Before deploying any controller to real, I would launch a few short finetune training, sweeping action rate penalty weights. I would then start by deploying the controller with the highest action rate penalty weight that still does the task, for safety, and slowly make my way up to more performant but potentially more dangerous controllers with lower action rate penalty. These runs usually have runner.num_transitions_per_env=128, runner.alg.num_learning_epochs=64, and I'd usually get a reasonable checkpoint before learning iteration 500.

Extending

More Robots

Looking at env_go2.yaml and env_go2ARX5.yaml will give you examples for what needs to be defined for each new robot. I recommend keeping robot specific configs and training (i.e., robot + task combination) configs separate, and have the latter inherit from the former. This allows you to quickly try out different combinations of robots and tasks.

In my opinion, the most important thing to figure out for any new embodiment is the env.controller.scale, env.controller.kp, and env.controller.kd. Expect to take a few iterations before you find some good values, and make sure to go back and forth between sim and real before settling on your values. Here are some tips for tuning these parameters:

  • Is the robot just jumping around crazily in the beginning? If so, use a smaller controller scale. Is the robot's range of movement at the beginning of training too small? If so, consider increasing the controller scale.
  • Is it way too stiff? Could it be more compliant? If so, try decreasing KP. Instead, does it look like the robot is trying a lot but none of its actions are able to move its body? In this case, increase KP, and make sure that the robot's torque limit is not being hit (a dirty little print statement inside PDController should do the trick).
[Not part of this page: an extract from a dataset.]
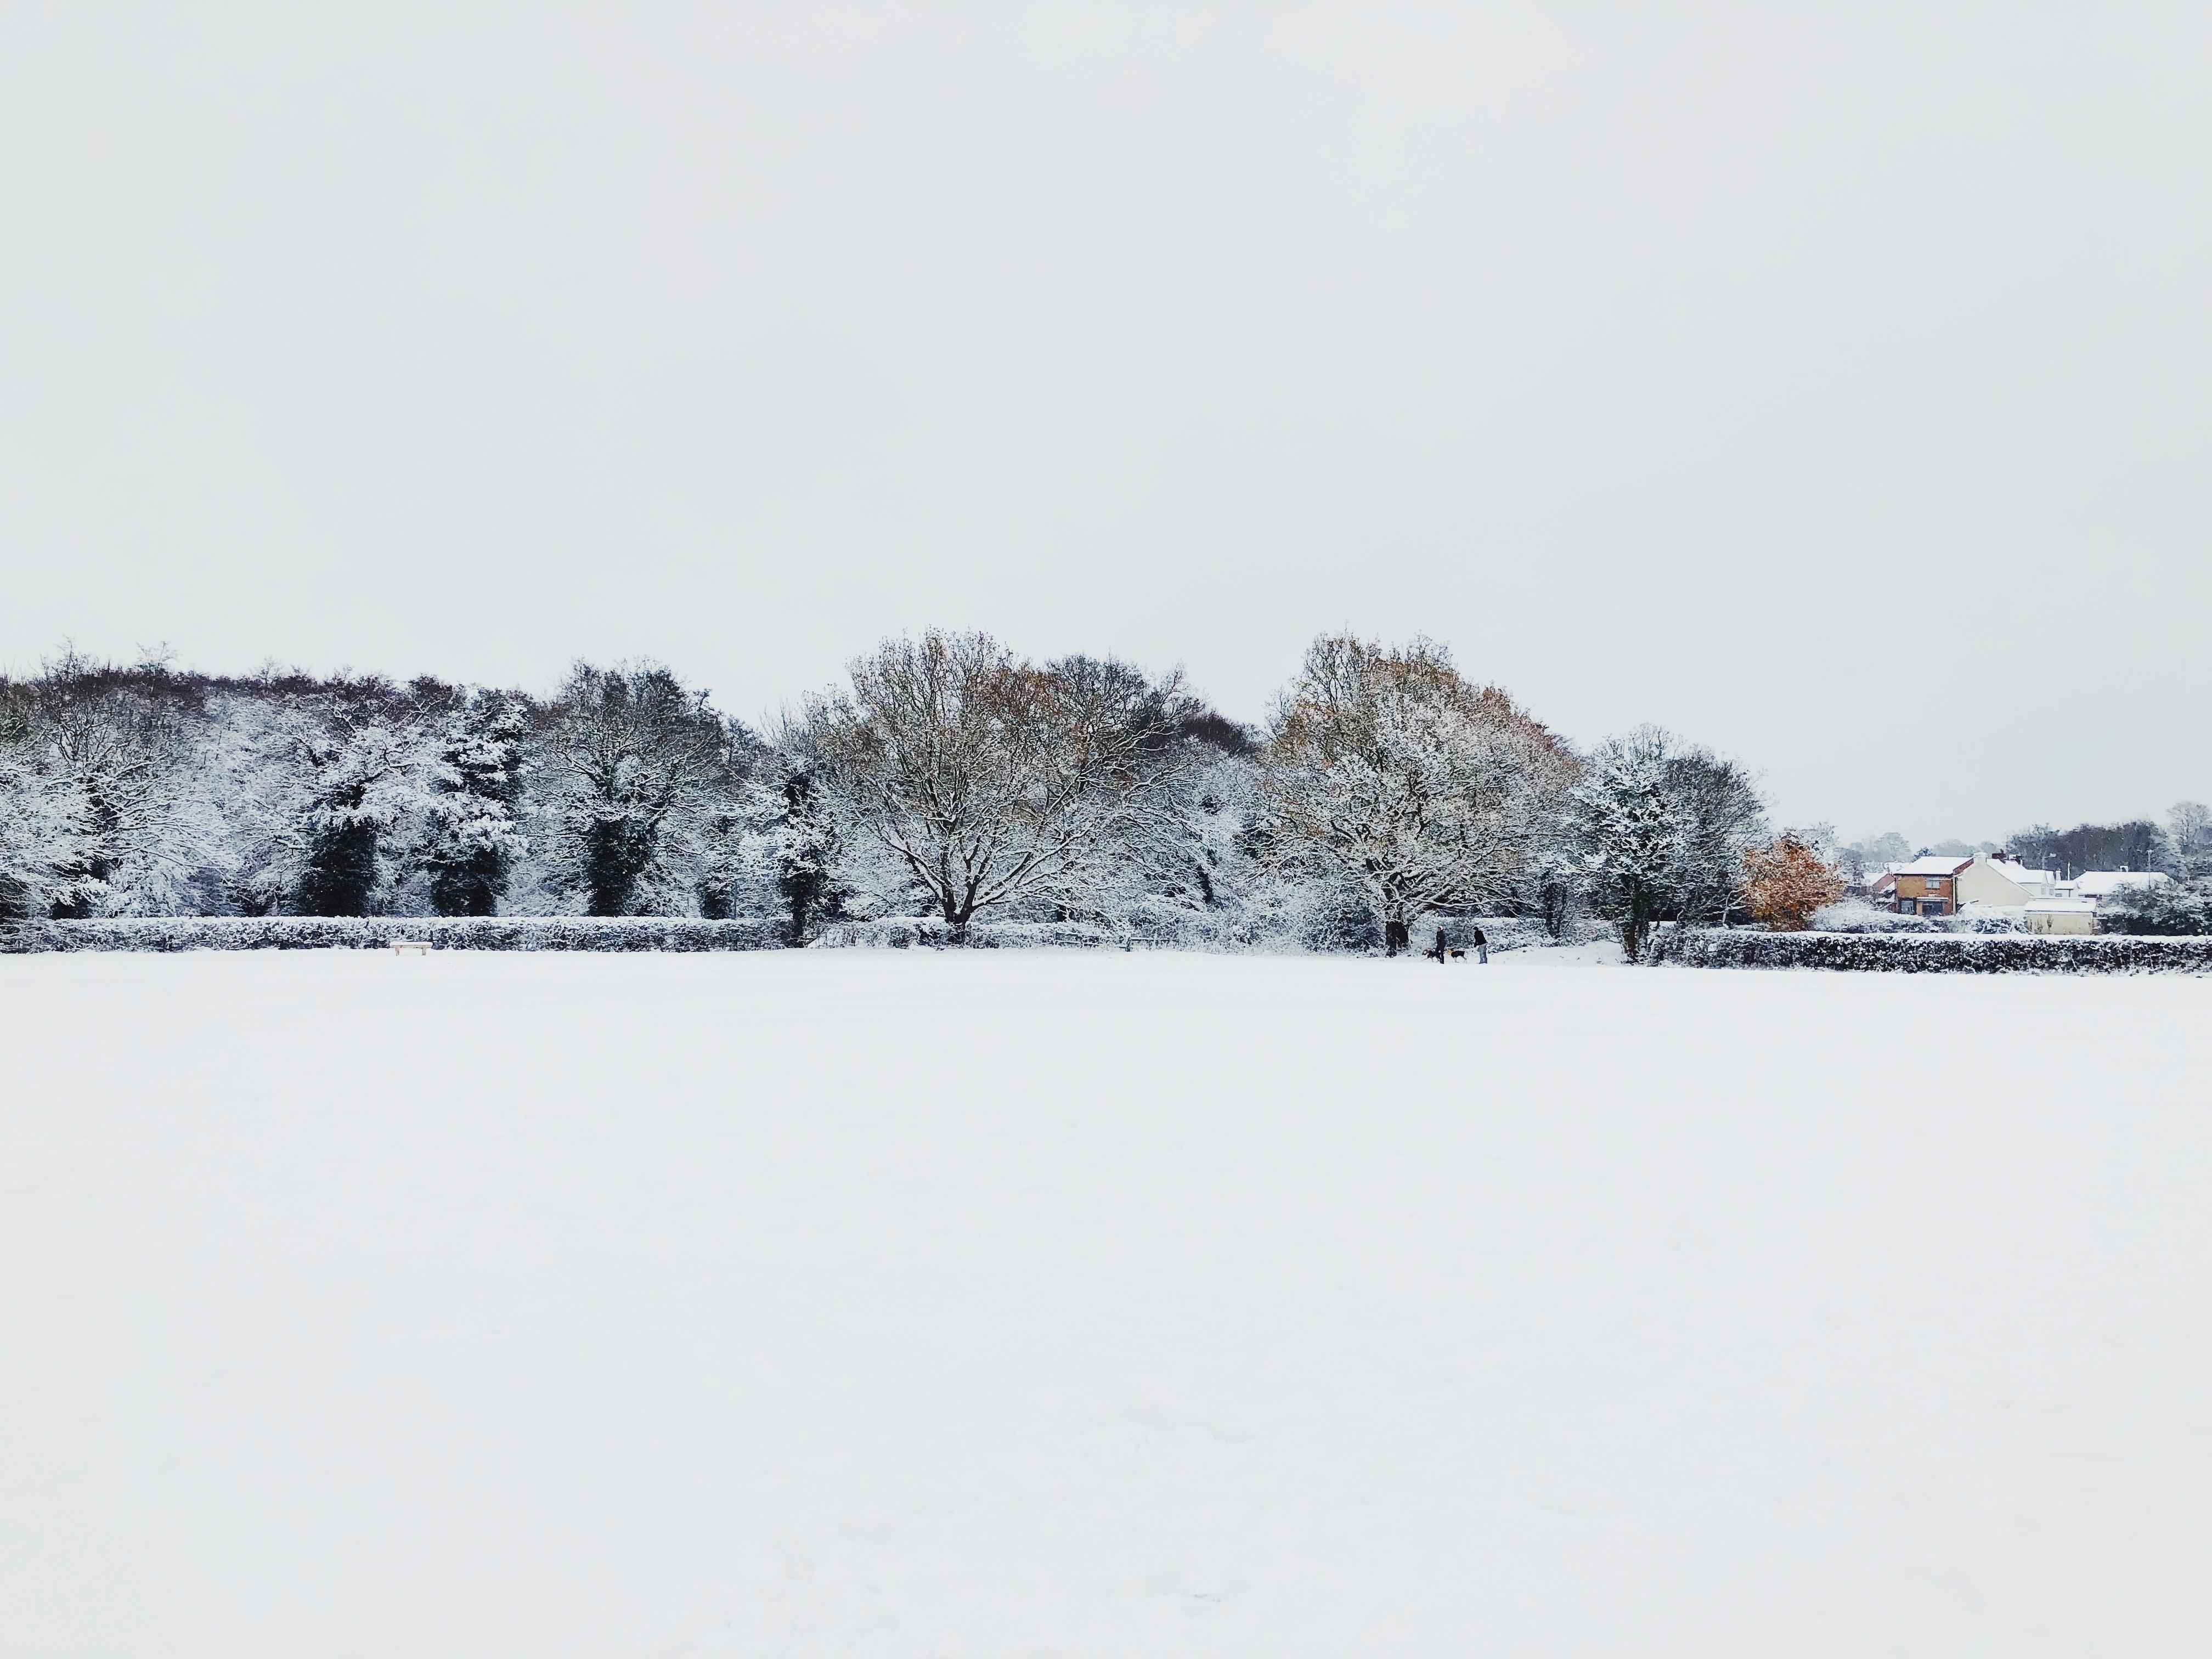 snow covered ground under white sky at daytime

While tuning these parameters, you can disable all domain randomization. Assuming that your robot's configuration under no domain randomization is at the center of your domain randomization range (e.g., robot's default mass is 5kg and you randomize between 4kg and 6kg), then the same controller scale, Kp, and Kd should still work once you add domain randomization back in.

More Manipulation Trajectories

The format expected for WBC training is a pickled list of dictionaries. Each dictionary contains the pose information for one episode, and must include a (T, 3) numpy array under the key ee_pos and a (T, 3) numpy array under the key ee_axis_angle, representing the end effector's position and orientation as axis angles, respectively. The codebase assumes that these sequences are sampled at 200Hz.

If you're collecting more trajectories using UMI, the you can use scripts/preprocess_umi_trajs.py, which will automatically preprocess the trajectories for you from the dataset_plan.pkl pickle file (present in every UMI dataset preprocessing result).

If you're hoping to procedurally generate your own trajectories, you can refer to scripts/preprocess_umi_trajs.py, scripts/generate_pushing_trajectories.py, and scripts/generate_random_trajectories.py.